Катя часто видела их, хотя многие разве что, столкнувшись нос к носу у входа в метро или у крыльца продуктового, брезгливо поморщатся и машинально поправят кошелёк в кармане куртки или пальто и, отвернувшись, пройдут мимо, сосредоточено смотря куда–то вдаль, лишь бы не смотреть им в глаза.
А Катя редко когда пройдёт мимо, иногда возьмёт кулёк семечек у бабушки, хотя мама это запрещает, а иногда помятая, ведь в карманах детей деньги живут необъяснимой жизнью, купюра перекочует в старую морщинистую ладошку дедушки, стоящего слева от ворот местной церквушки, с аккуратно белой-белой бородой, за которую должны были бы дёргать внуки, но судьба распорядилась по другому. Дедушка долго посмотрит вслед, пошепчет что-то старыми, похожими на перезрелые сливы губами, перекрестив на дорожку. А эти молоденькие девочки с грудничками в метро - ну как здесь не опустить на лежащий рядом поношенный старый шарфик две–три монетки, пусть немного, со школьных завтраков ведь много не накопишь, но пропавшей в беду одиночке и то подспорье!
Иногда Катя останавливается поболтать с ними и истории, которые слышит, гулкой болью отзываются в ее маленьком девичьем сердечке. Боль, потери, лишения, страдания. Катя тоже не смотрит им в глаза, никогда. И никогда больше не будет это делать. Просто не сможет. Но она пока это не понимает, так как считает, что это все это – её внутренняя робость и застенчивость, а на самом деле, Катю бережёт её бабушка. Та, что на небе. Она приглядывает за Катей, чтобы ту не коснулось то древнее темное и мрачное, что составляет суть тех, кого встречает Катя.
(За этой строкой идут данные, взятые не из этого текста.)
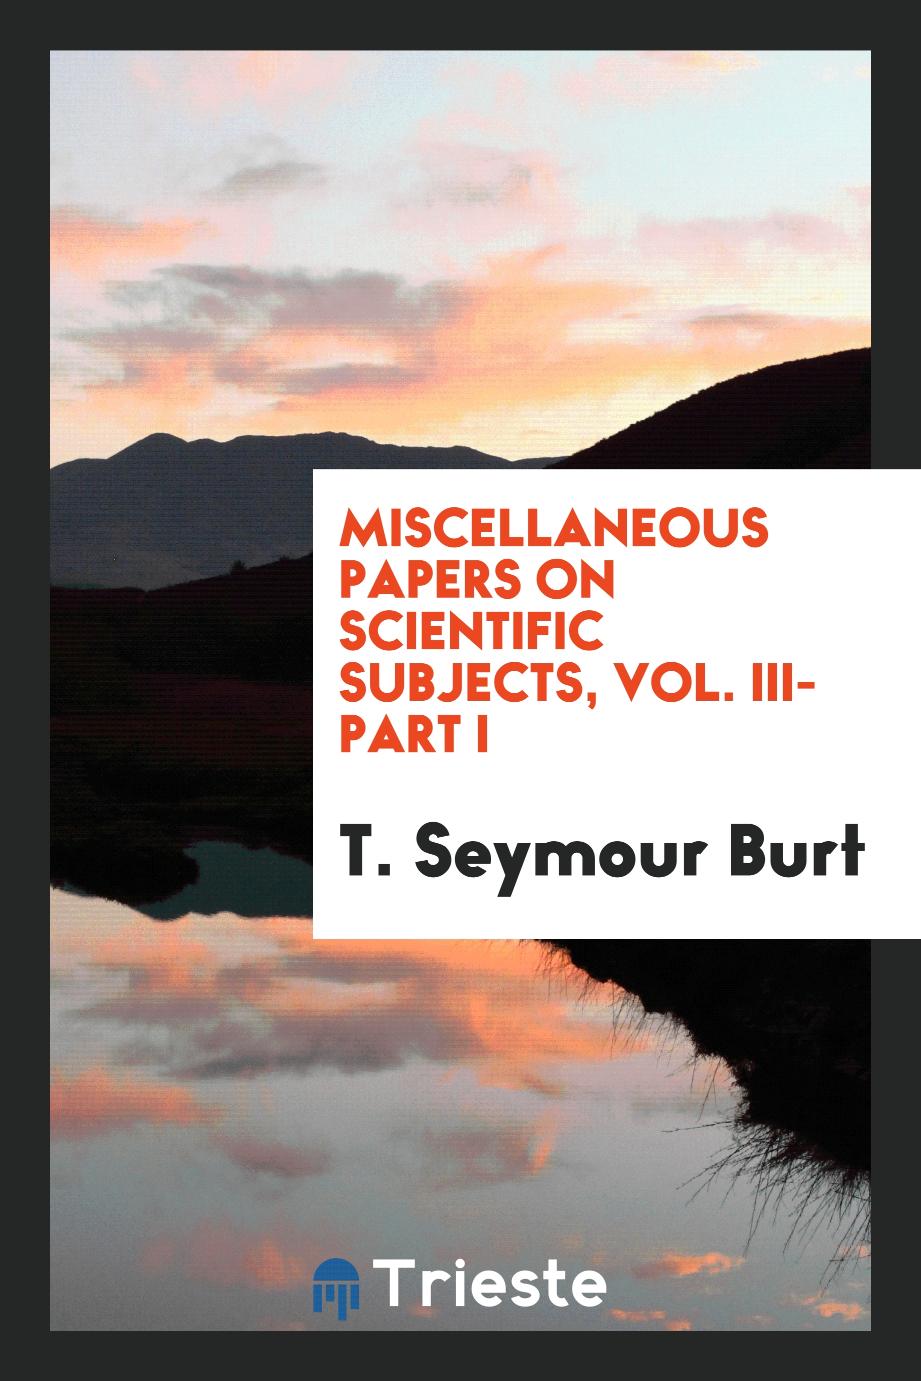 Miscellaneous papers on scientific subjects, Vol. III-Part I

Оберегает от отъема здоровья, на который заговорила семечки старая ведьма, опуская в них ноги, испещренные язвами, с трупными пятнами, передвигающие ее дряхлое тело благодаря наговору, ноги с длинными изогнутыми ногтями, серыми и крошащимися от Старости. И от деда, убившего свою семью, когда ему было двадцать три.. Деда, который по четвергам, приходя вечером на кладбище, набирает земли с могил без крестов, и аккуратно, чтобы никто не видел, рассыпает её у дверей соседей, которые расплачиваются за это ссорами и домашними побоями. Он всегда стоит слева от входа, ведь живущее внутри него, требует это, и бессильно шепчет проклятия вслед уходящей пятикласснице, которую не может Выпить.
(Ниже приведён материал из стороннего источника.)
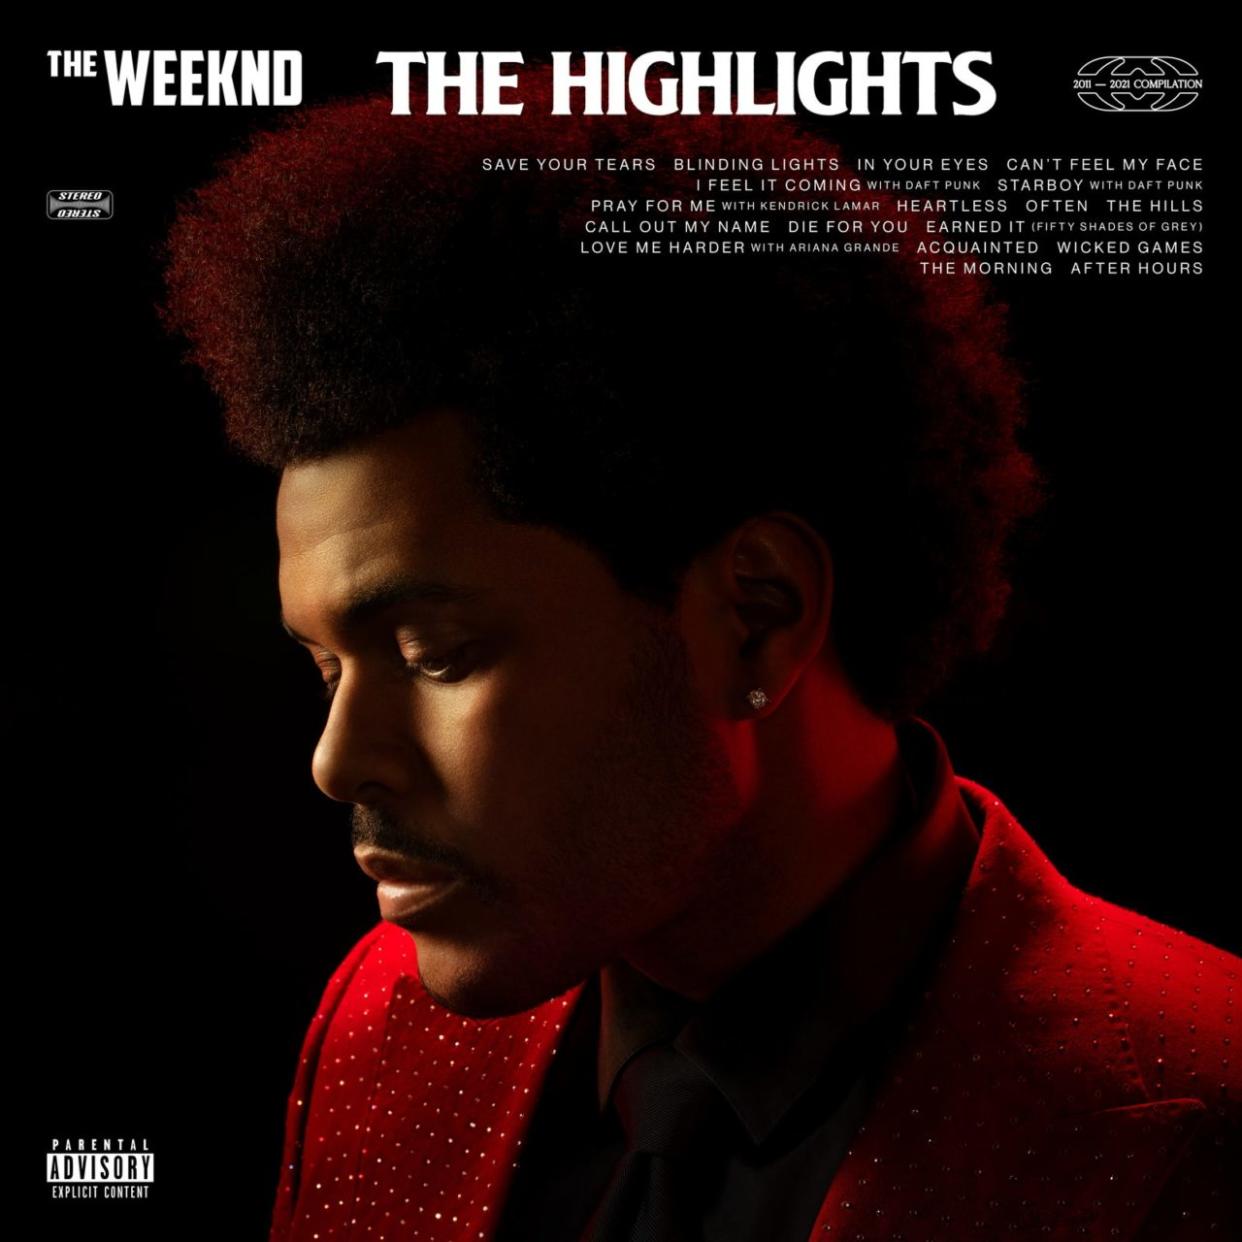 The-Weeknd-The-Highlights-1614109721

А если бы Катя внимательно посмотрела на ту девушку в метро, от её взгляда вряд ли бы ускользнуло серое личико уже не живого, но ещё не ушедшего младенца, который, словно кукла, напоенный слабым раствором алкоголя, находится в состоянии вечного сна. Он уже семнадцатый у неё в руках на этой станции метро.
Катя не думает об этом, Катя защищена до своего шестнадцатилетия, а потом бабушке запретят смотреть на неё.